═════ Recorded information ═════

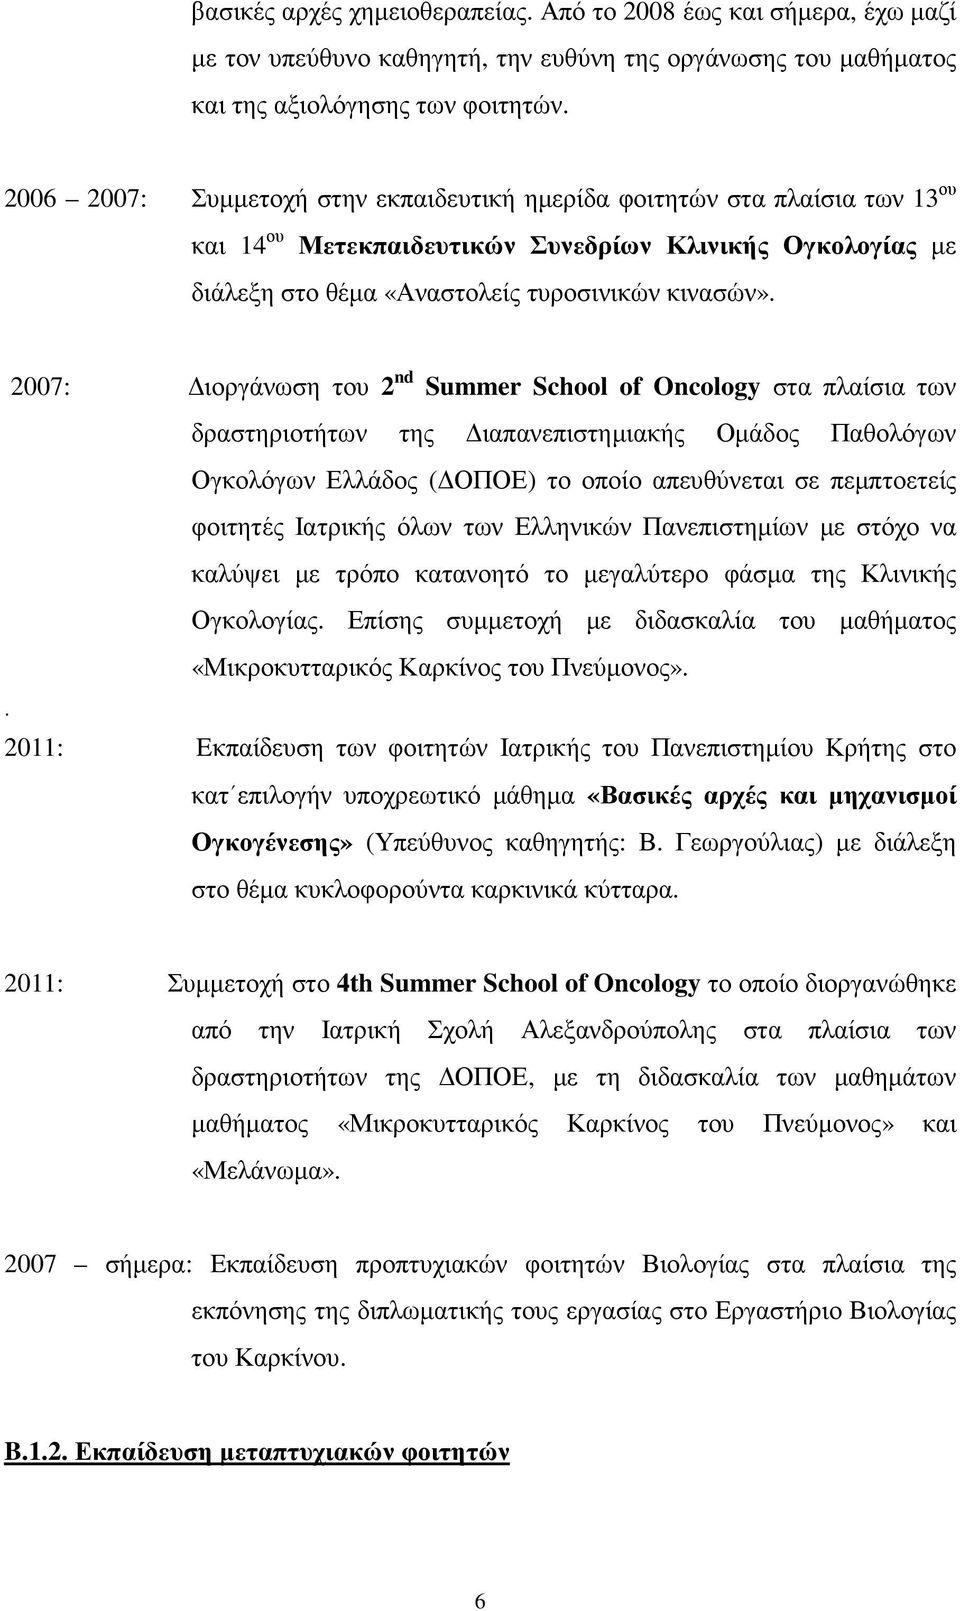 2007: ιοργάνωση του 2 nd Summer School of Oncology στα πλαίσια των δραστηριοτήτων της ιαπανεπιστηµιακής Οµάδος Παθολόγων Ογκολόγων Ελλάδος ( ΟΠΟΕ) το οποίο απευθύνεται σε πεµπτοετείς φοιτητές
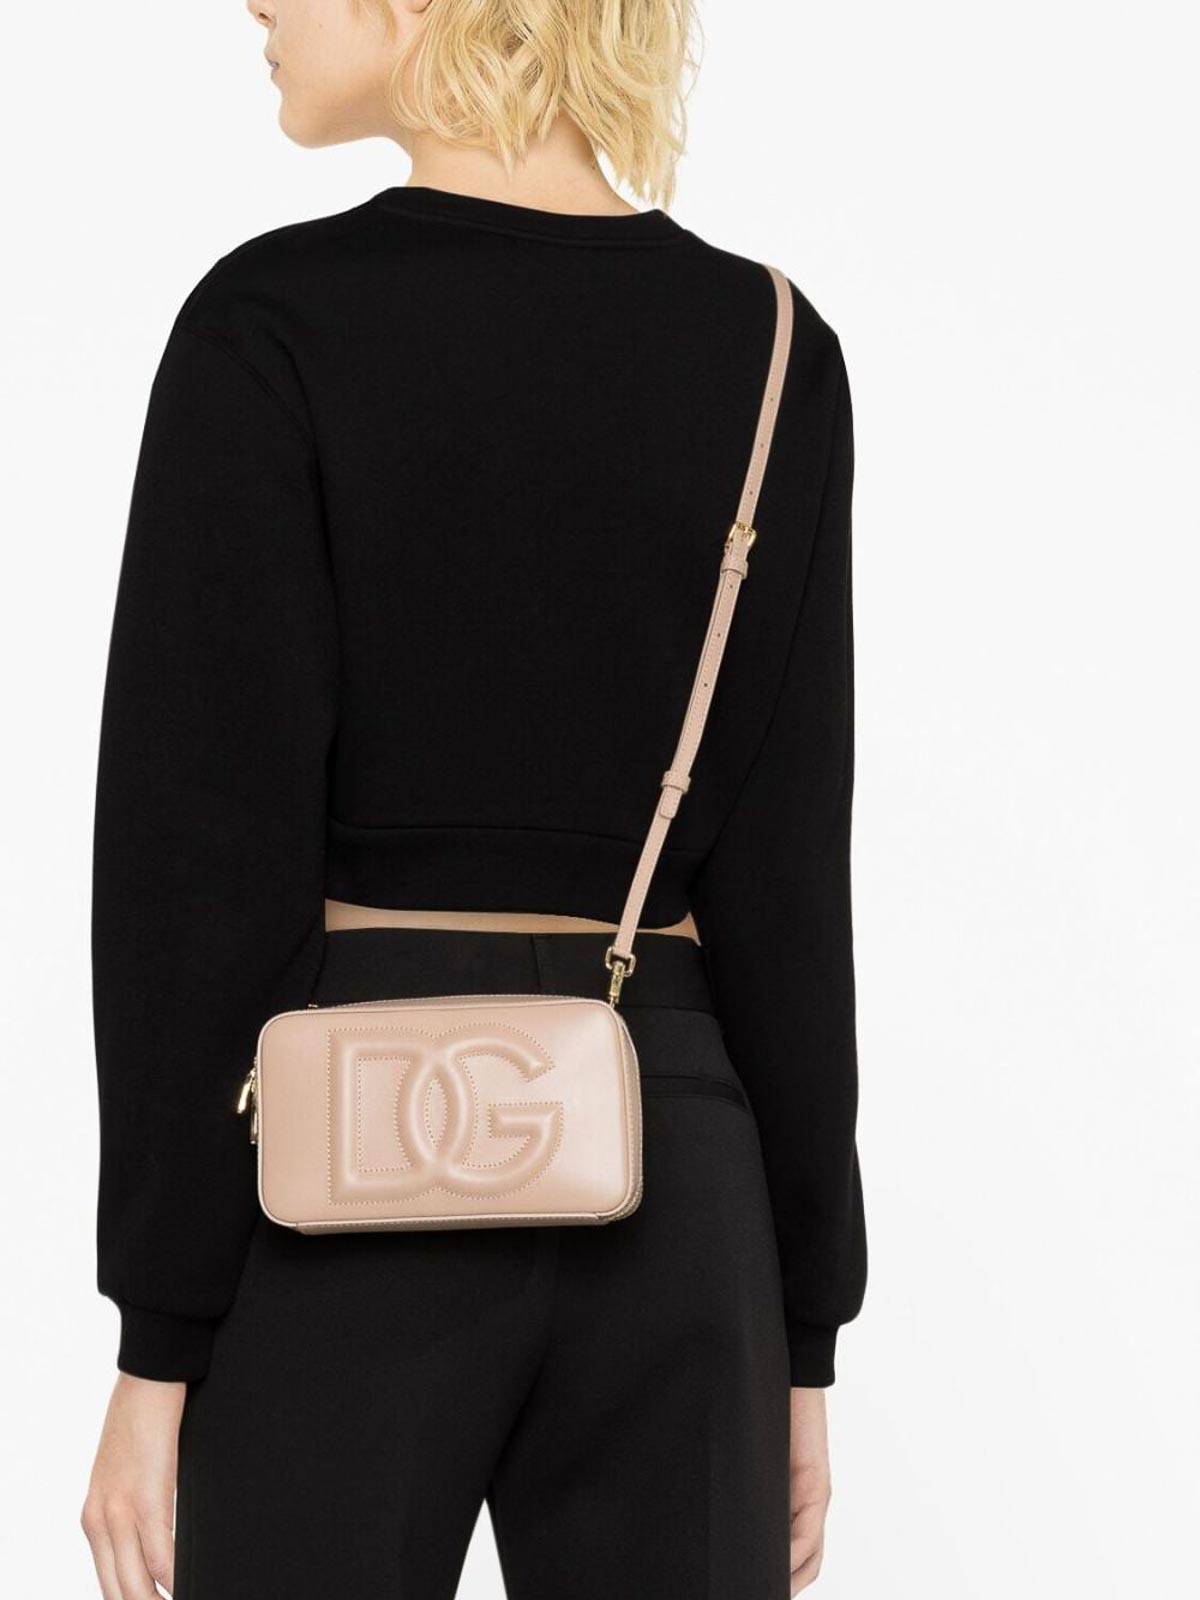 Shop Dolce & Gabbana Dg Logo Leather Camera Bag In Light Pink
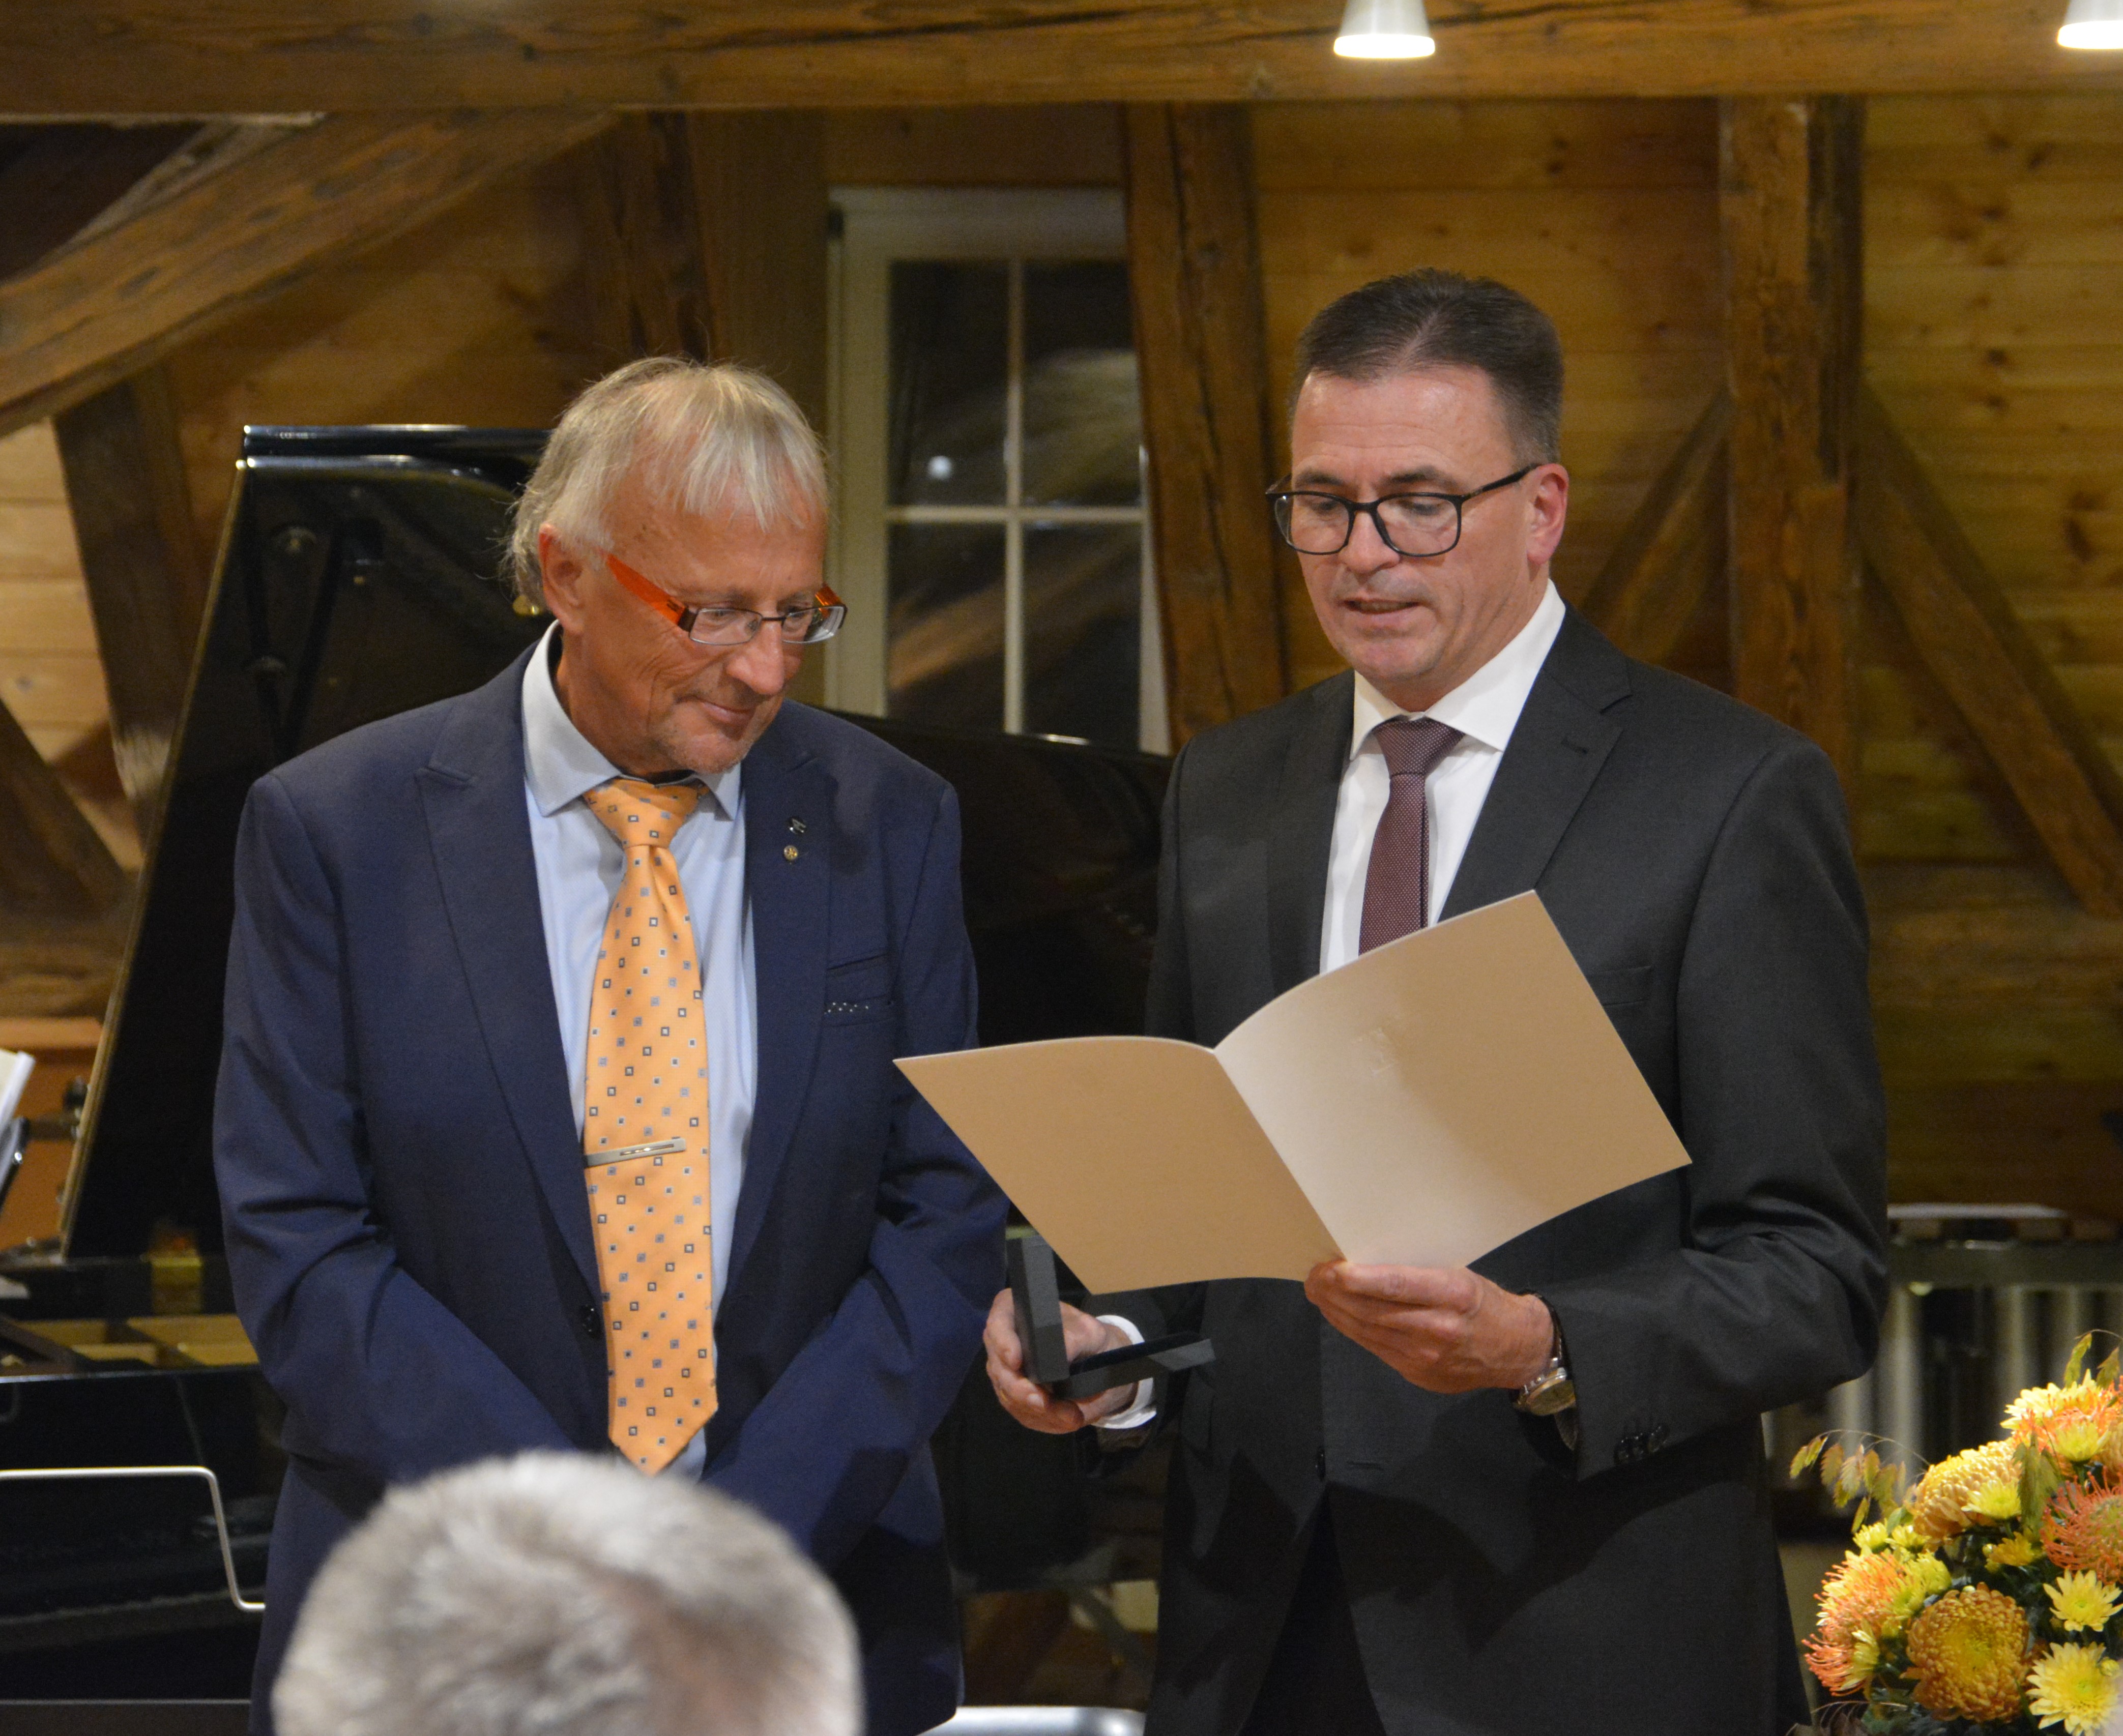  Johannes Josef Miller (links) wurde die Staufermedaille des Landes Baden-Württemberg von Landrat Dr. Joachim Bläse - stellvertretend für Ministerpräsident Winfried Kretschmann - verliehen

═════

Give again exactly the lines running from the beginning of the material above through the line that contains "Shop Dolce &", and leave out every picture.

**Response to this exercise**:
 2007: ιοργάνωση του 2 nd Summer School of Oncology στα πλαίσια των δραστηριοτήτων της ιαπανεπιστηµιακής Οµάδος Παθολόγων Ογκολόγων Ελλάδος ( ΟΠΟΕ) το οποίο απευθύνεται σε πεµπτοετείς φοιτητές
 Shop Dolce & Gabbana Dg Logo Leather Camera Bag In Light Pink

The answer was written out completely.